Prandial forms prick into the subcutaneous tissue of the abdomen. In this zone, the solution is actively absorbed and begins to act quickly. The injection site within this area is changed every day.

This technique allows you to avoid lipodystrophy, a complication that occurs when the technique of performing the procedure is violated.

When using a syringe, it is necessary to check the concentration of the drug indicated on it and the bottle. As a rule, it is 100 units/ml. During administration of the drug, it forms skin fold, the injection is made at an angle of 45 degrees.

NovoRapid FlexPen pen for single use

There are several types of syringe pens:

  • Pre-filled (ready-to-use) - Apidra SoloStar, Humalog QuickPen, Novorapid FlexPen. After finishing the solution, the pen must be disposed of.
  • Reusable, with a replaceable insulin cartridge - OptiPen Pro, OptiClick, HumaPen Ergo 2, HumaPen Luxura, Biomatic Pen.

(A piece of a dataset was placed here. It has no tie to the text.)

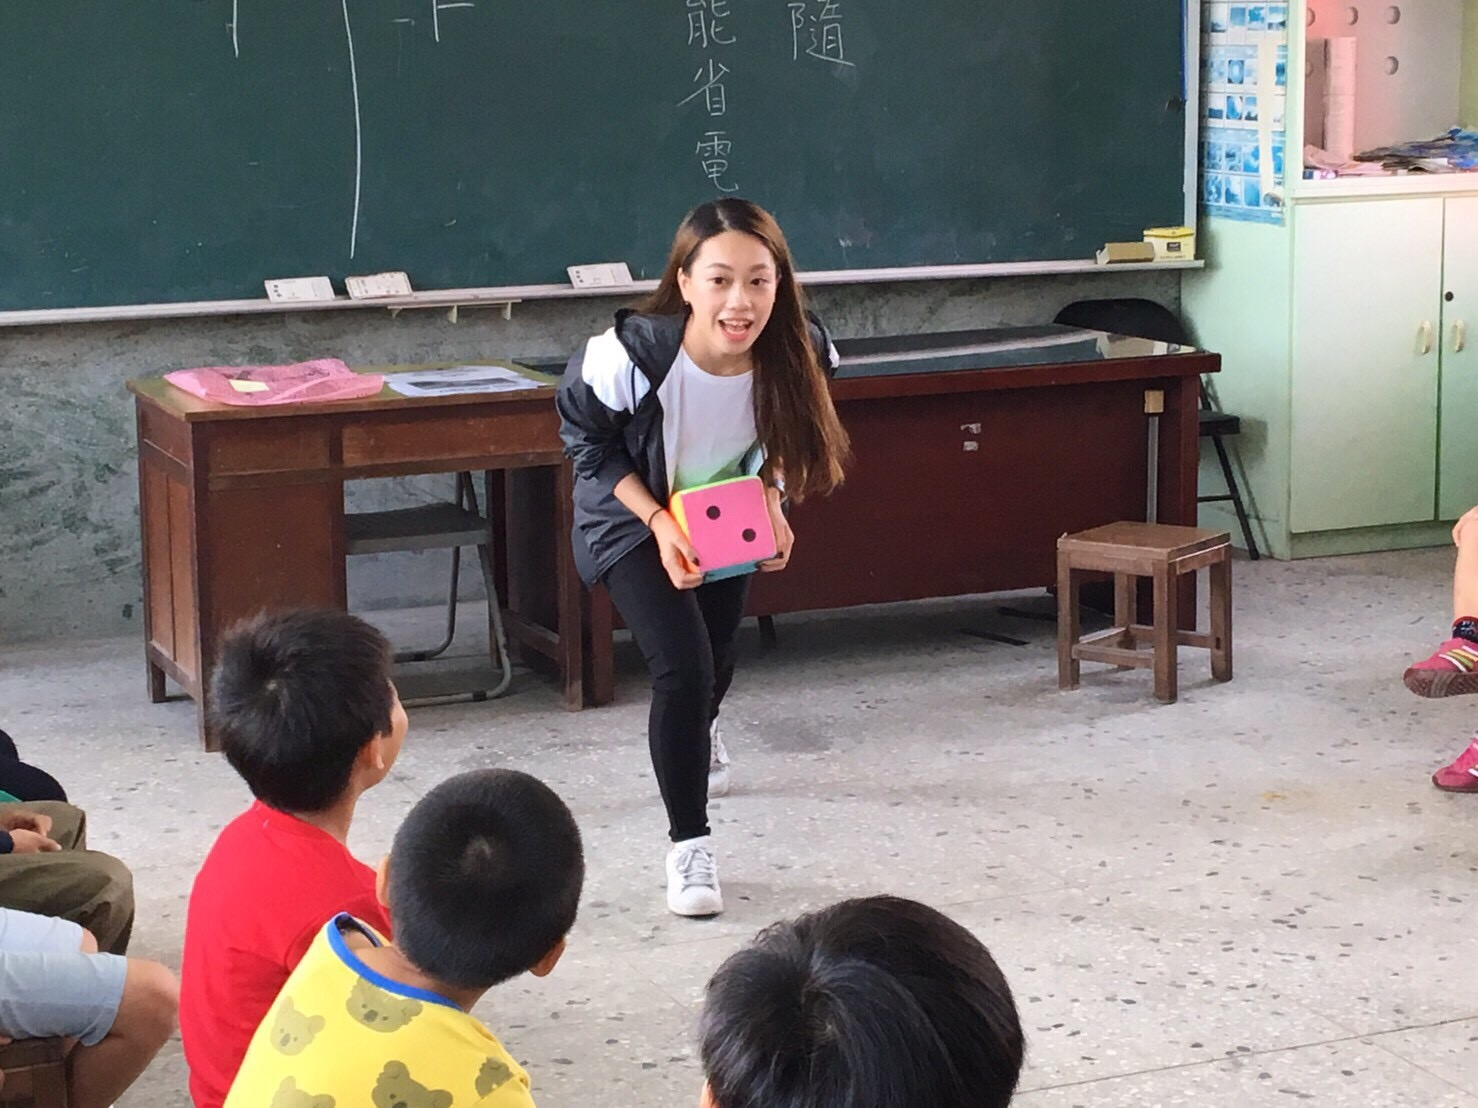 大手攜小手共創英語學習新契機, 湖內區英語繪本親子共讀展成果-校園新聞
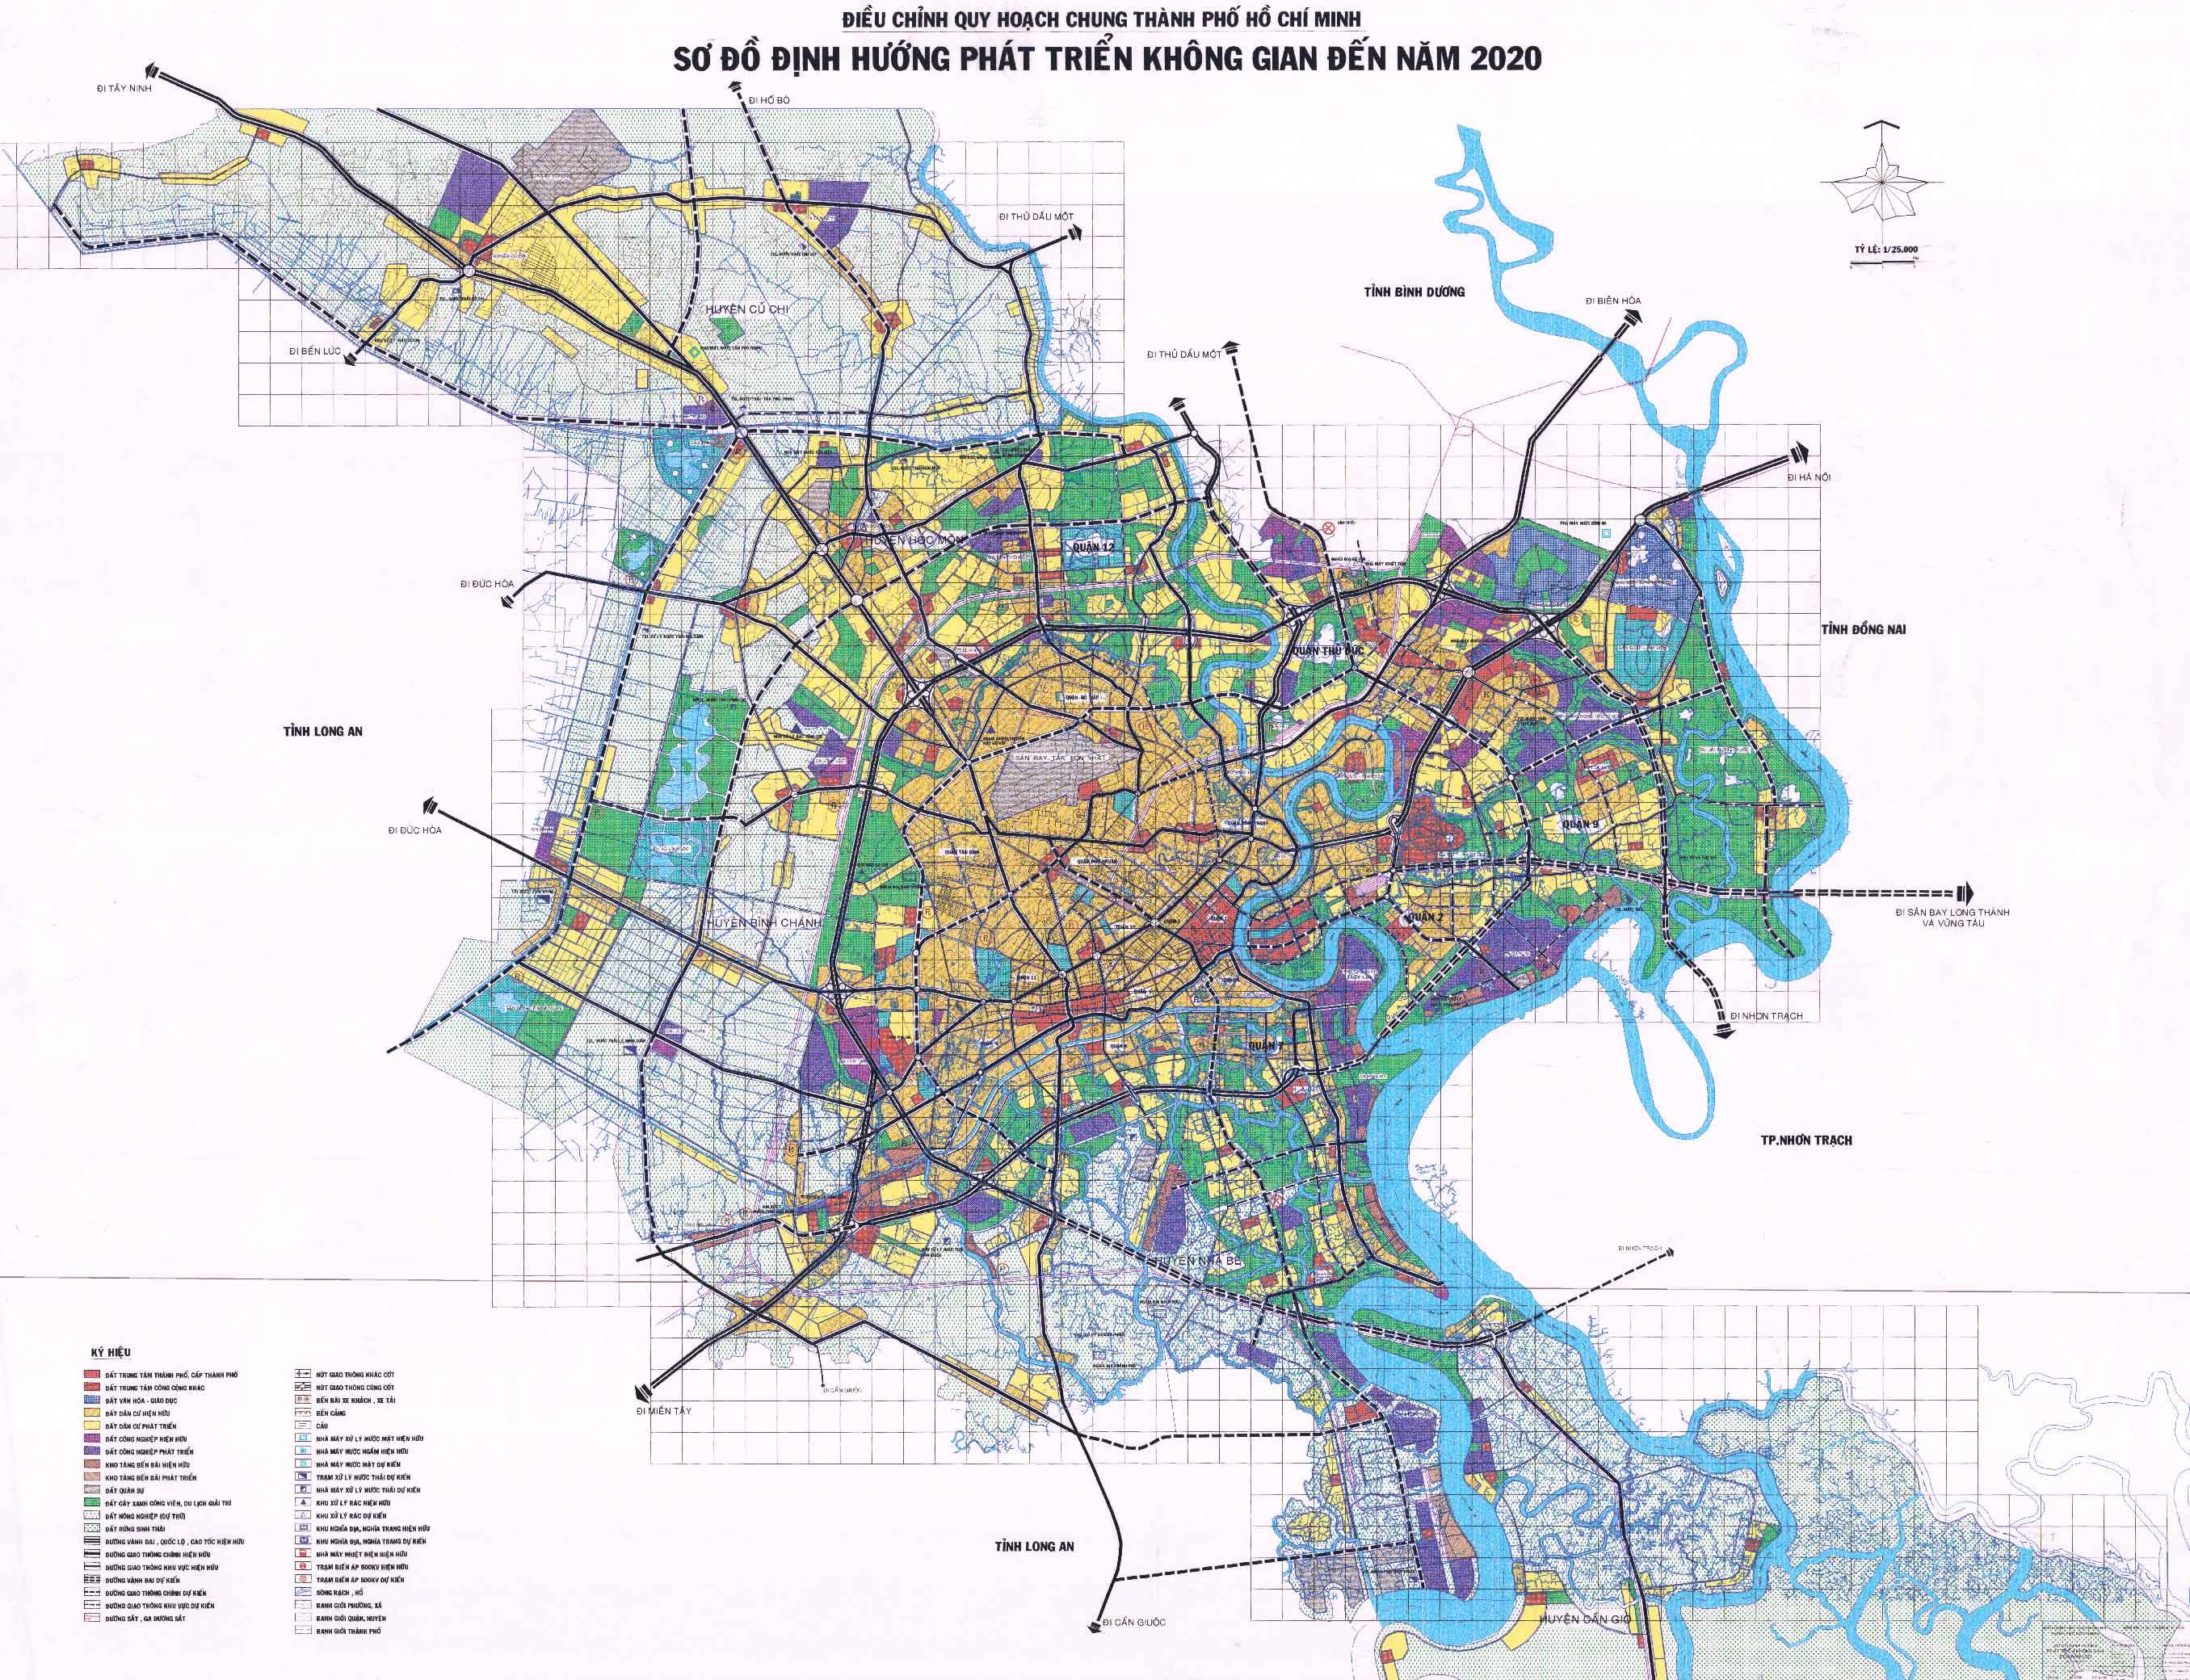 TP HCM duyệt và điều chỉnh nhiều quy hoạch quận Thủ Đức, quận 8 và 6

Reusable pen for introducing an ultra-short analogue of Humalog - HumaPen Luxura

Before using them, a test is performed to evaluate the patency of the needle. To do this, take 3 units of the drug and press the trigger piston. If a drop of solution appears at its tip, you can inject insulin. At negative result The manipulation is repeated 2 more times, and then the needle is replaced with a new one. With a fairly developed subcutaneous fat layer, the product is administered at a right angle.

Insulin pump

Insulin pumps are devices that allow you to maintain both basal and stimulated levels of hormone secretion. They install cartridges with ultra-short analogues. Periodic injection of small concentrations of solution into the subcutaneous tissue simulates normal hormonal levels during the day and night, and additional introduction the prandial component reduces sugar from food.

Some devices are equipped with a system that measures blood glucose levels. All patients with insulin pumps receive training on how to set them up and operate them.